§ PROBLEM DESCRIPTION: Keep images out and repeat all data exactly.
== DATA BELOW
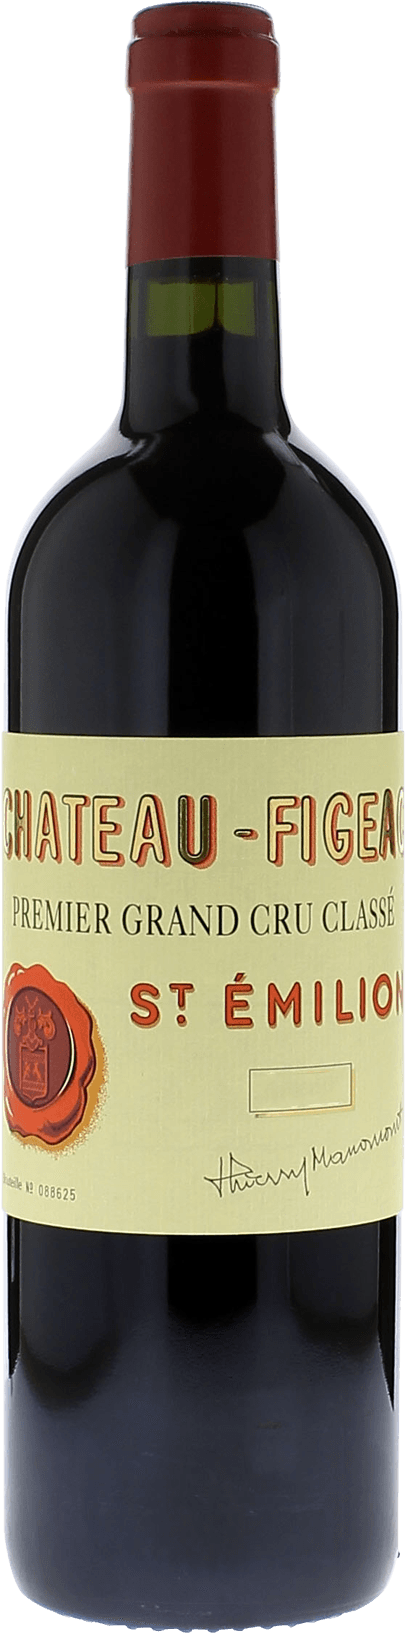 Figeac 1996 1er Grand cru B class Saint-Emilion, Bordeaux rouge
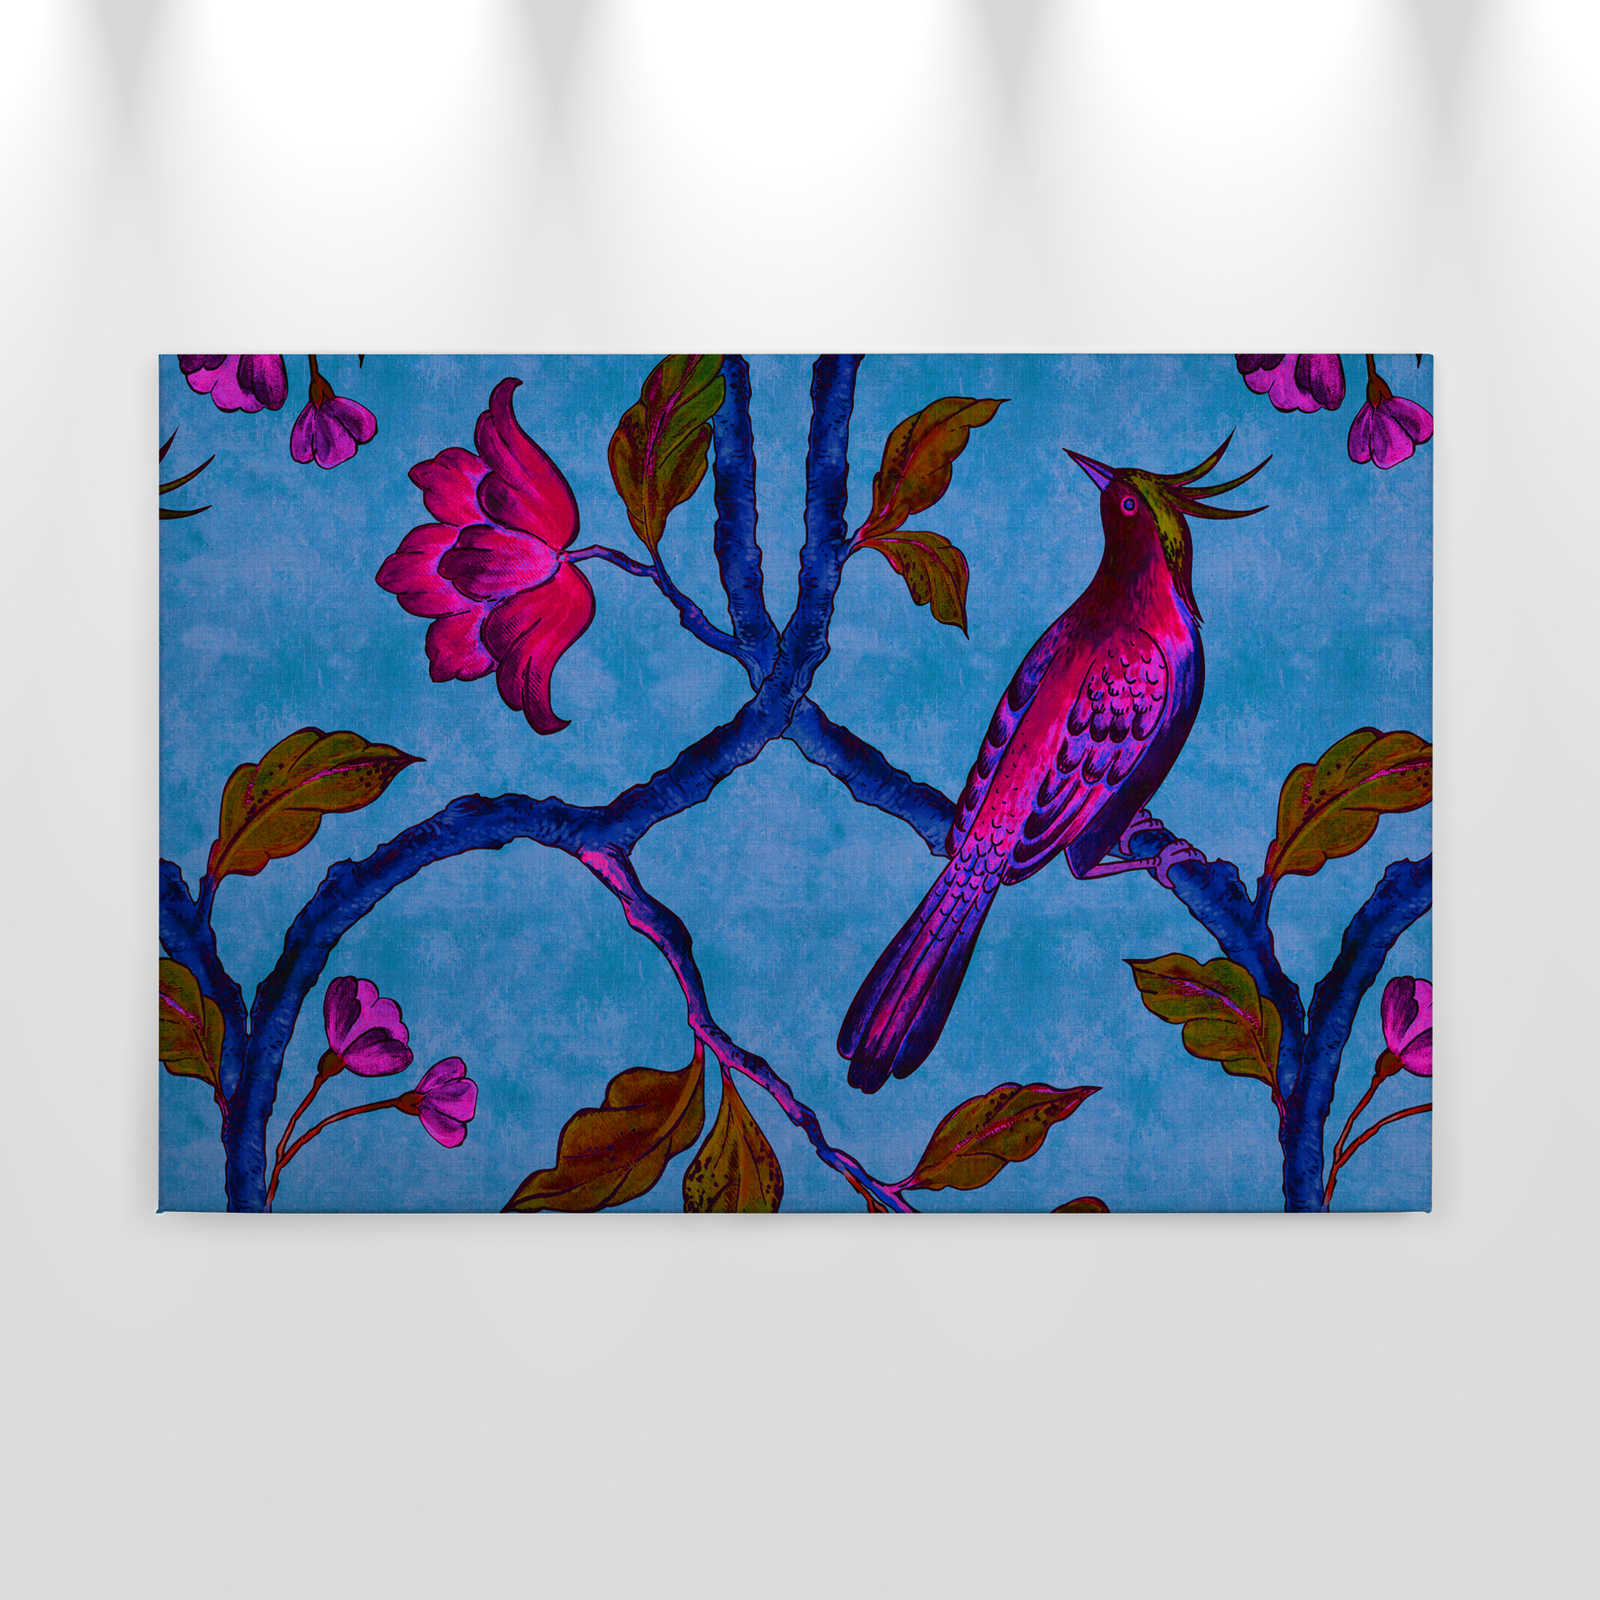             Bird Of Paradis 1 - Cuadro en lienzo con estructura de lino natural con ave del paraíso - 0,90 m x 0,60 m
        
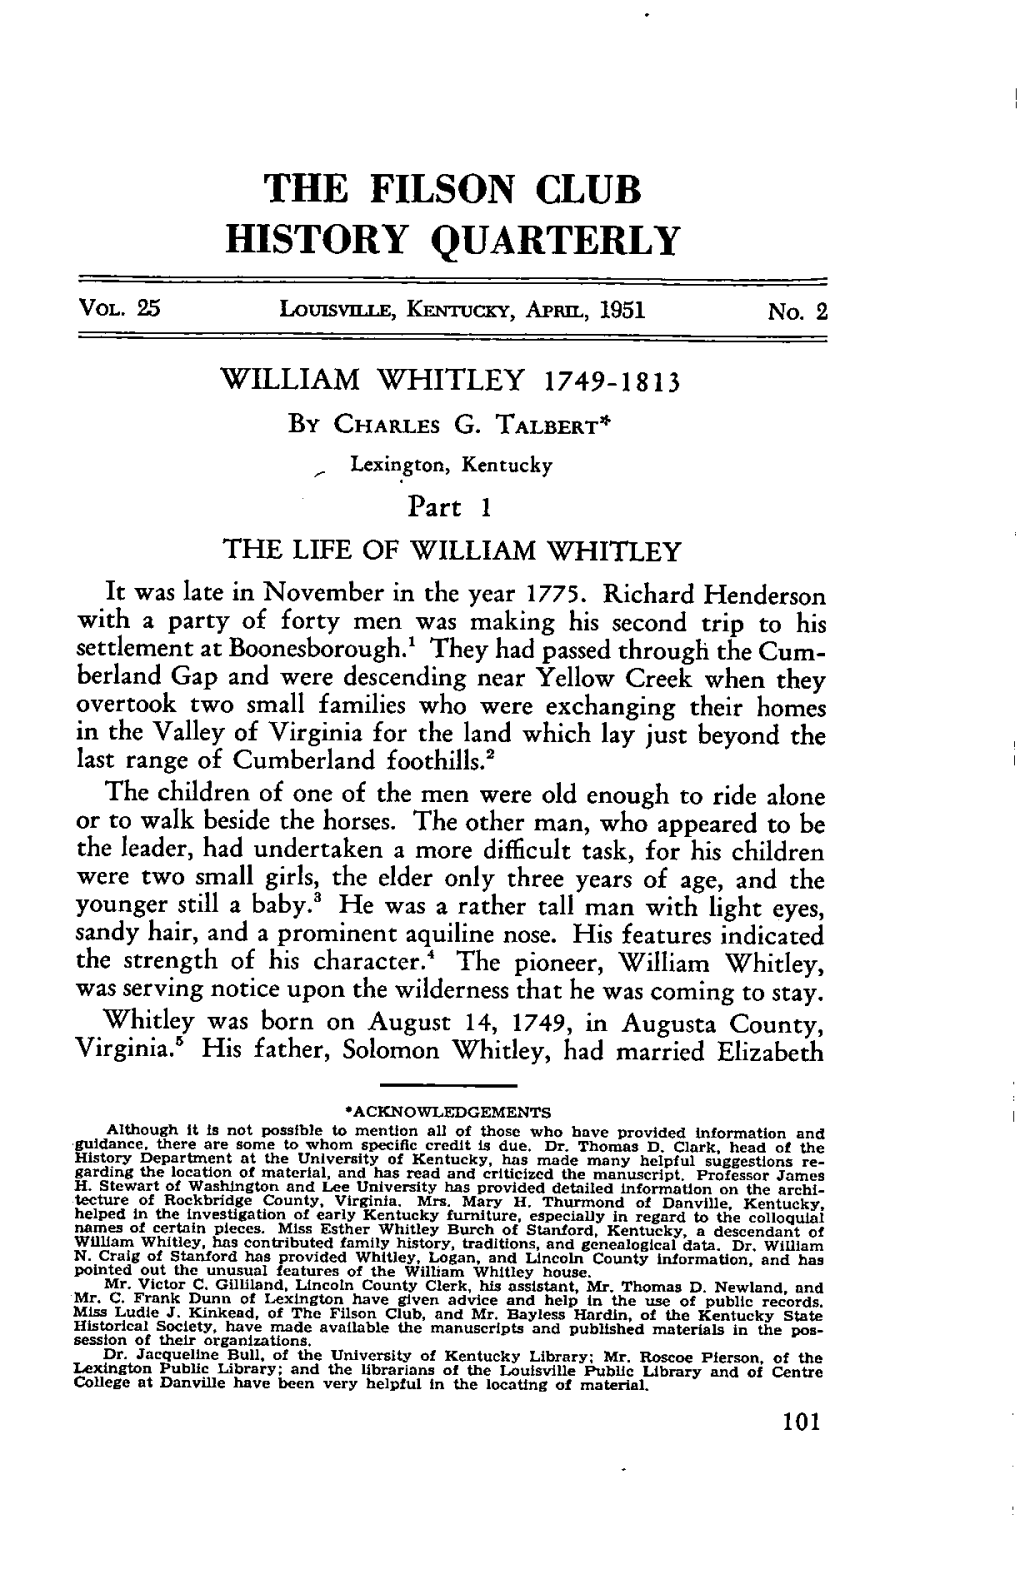 William Whitley 1749 1813
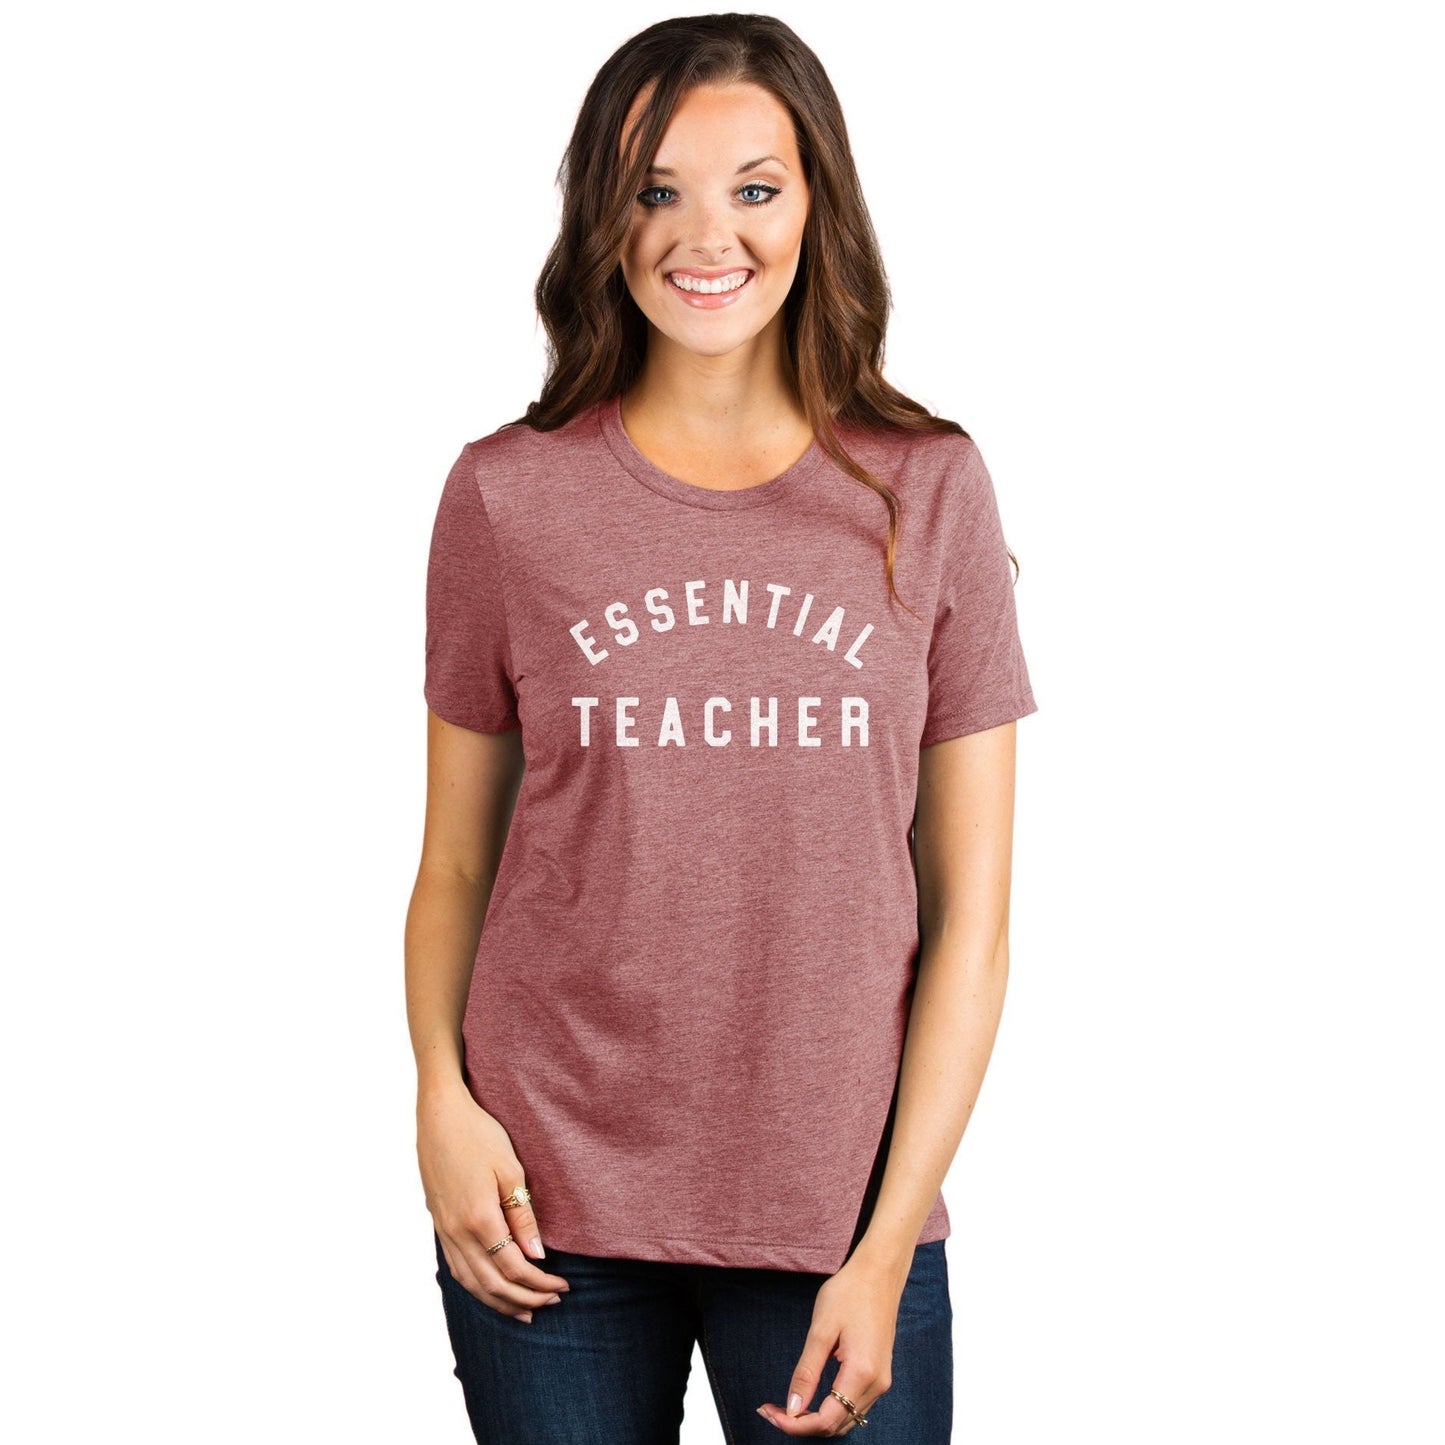 Essential Teacher Women's Relaxed Crewneck T-Shirt Top Tee Heather Rouge Model
====
§ ANSWER TO THE EXERCISE:
 Figeac 1996 1er Grand cru B class Saint-Emilion, Bordeaux rouge
             Bird Of Paradis 1 - Cuadro en lienzo con estructura de lino natural con ave del paraíso - 0,90 m x 0,60 m
        
 William Whitley 1749 1813
 Essential Teacher Women's Relaxed Crewneck T-Shirt Top Tee Heather Rouge Model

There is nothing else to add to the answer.